WorldHistoricalGazetteer / whg3

Version 3 beta
BSD 3-Clause "New" or "Revised" License
4 stars 4 forks source link

Beta Launch Pre-Flight Check #214

Closed docuracy closed 4 months ago

docuracy commented 4 months ago
docuracy commented 4 months ago

@kgeographer

Some portal pages (well, at least one - I can't check others because the server is rebooting, I think) are failing to load due to malformed timespans, which come directly from the timespans JSONField in the Place model, for example (https://dev.whgazetteer.org/places/13970069/portal/):

... [200, 1933], [500, 1800], '[', '2', '0' ...

It seems that integer values might have been stored as strings within encoded quote marks (or possibly the square brackets and commas are enclosed in encoded quote marks, though this seems less likely).

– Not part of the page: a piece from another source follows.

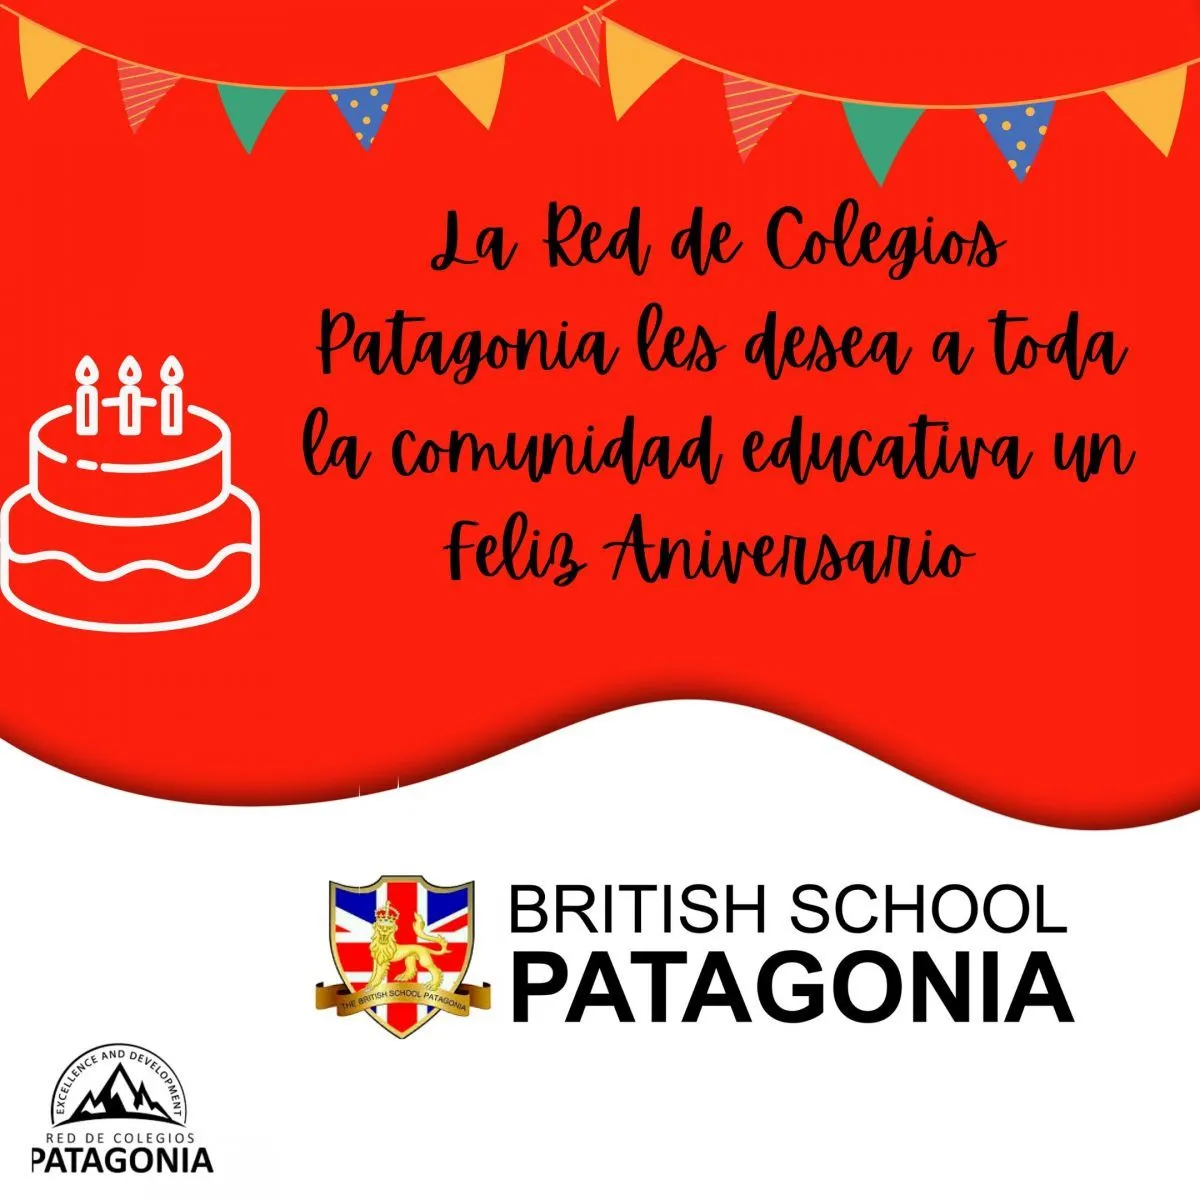 Muchas felicitaciones The British School Patagonia en su nuevo Aniversario

kgeographer commented 4 months ago

I see what the issue is with timespans, and have partially fixed it - some values were malformed in the migration, enclosing the entire value in double quotes; got rid of those. Also many nulls got transformed to '"\N"' and similar - fixed that. There are 183 records that have a mix of integers and quoted strings in the arrays - so the arrays are valid...that's how they are in v2. Ok to remain? e.g. [[-600, 600], ["135", "250"]] and [[-9999, -1000], ["135", "250"], [1525, 1525]]

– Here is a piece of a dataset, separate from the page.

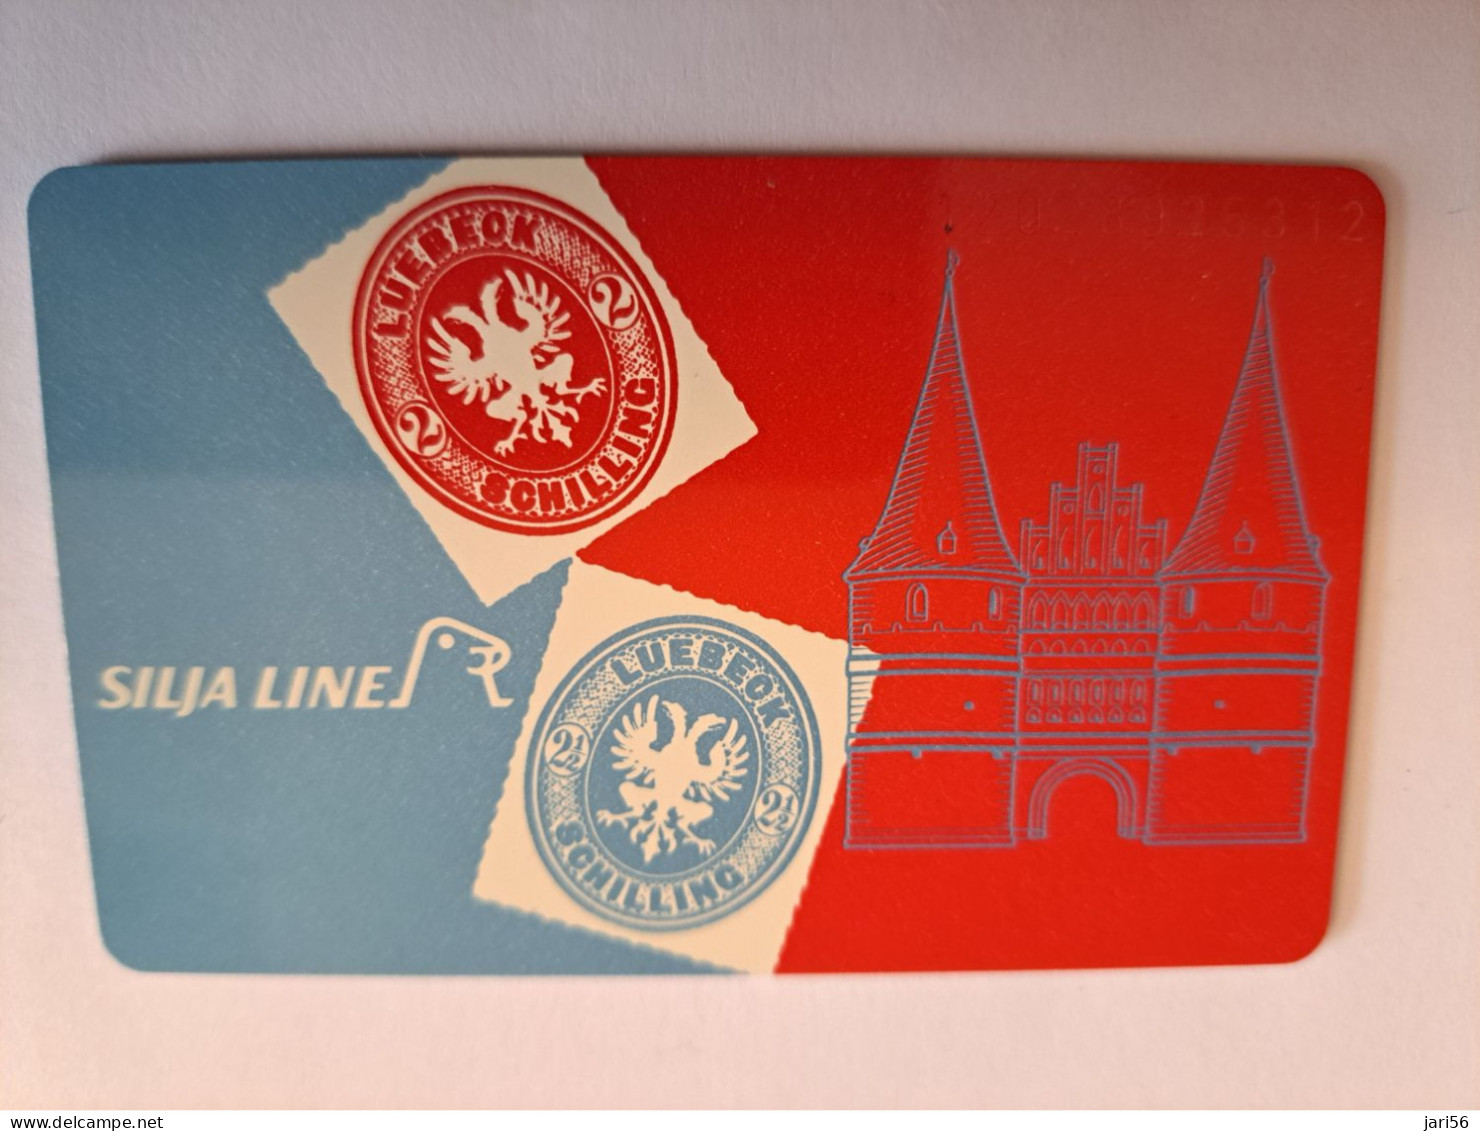 DUITSLAND/ GERMANY  CHIPCARD /SILJA LINE/ LUBECK/ TRAVEMUNDE/HELSINKI/STOCKHOLM    O 020/  5000 EX / MINT CARD **16605** - K-Series : Serie Clientes

I'll have to speak to the developer about normalization :^P

docuracy commented 4 months ago

KG: slow load on server, not locally so it's the data. removed collections from featured status, no help. the browser network console shows 'pending' [figs below]. best to wait & see whether adding collection data solves it.

image image

kgeographer commented 4 months ago

re: basemaps, only the home and gallery pages must have 'bare topography' - areas and tasks can also, no need for context in those - well maybe countries would be nice to see

on any that offer a zoom to feature, there has to be a buffer - most zoom too far in by far

docuracy commented 4 months ago

re: basemaps, only the home and gallery pages must have 'bare topography' - areas and tasks can also, no need for context in those - well maybe countries would be nice to see

on any that offer a zoom to feature, there has to be a buffer - most zoom too far in by far

There are now 3 different map styles in use:

If it becomes apparent that anything is annoying on the areas and tasks pages, it's easy enough to define an additional style. And next time I'll be sure to avoid spurious trailing commas in JSON lists (which are legal in Python data structures): the tileserver doesn't do dodgy JSON.

There's now a global defaultZoom variable set to the value 8 in base.js, which is applied as a maximum zoom parameter wherever the whg_maplibre.fitViewPort method is called - except on the home page and in carousels. It seems to me to be about right in most contexts, but can now easily be adjusted.

docuracy commented 4 months ago

The codebase was using a UMD version of spin.js, which according to the documentation "is only available as a temporary workaround".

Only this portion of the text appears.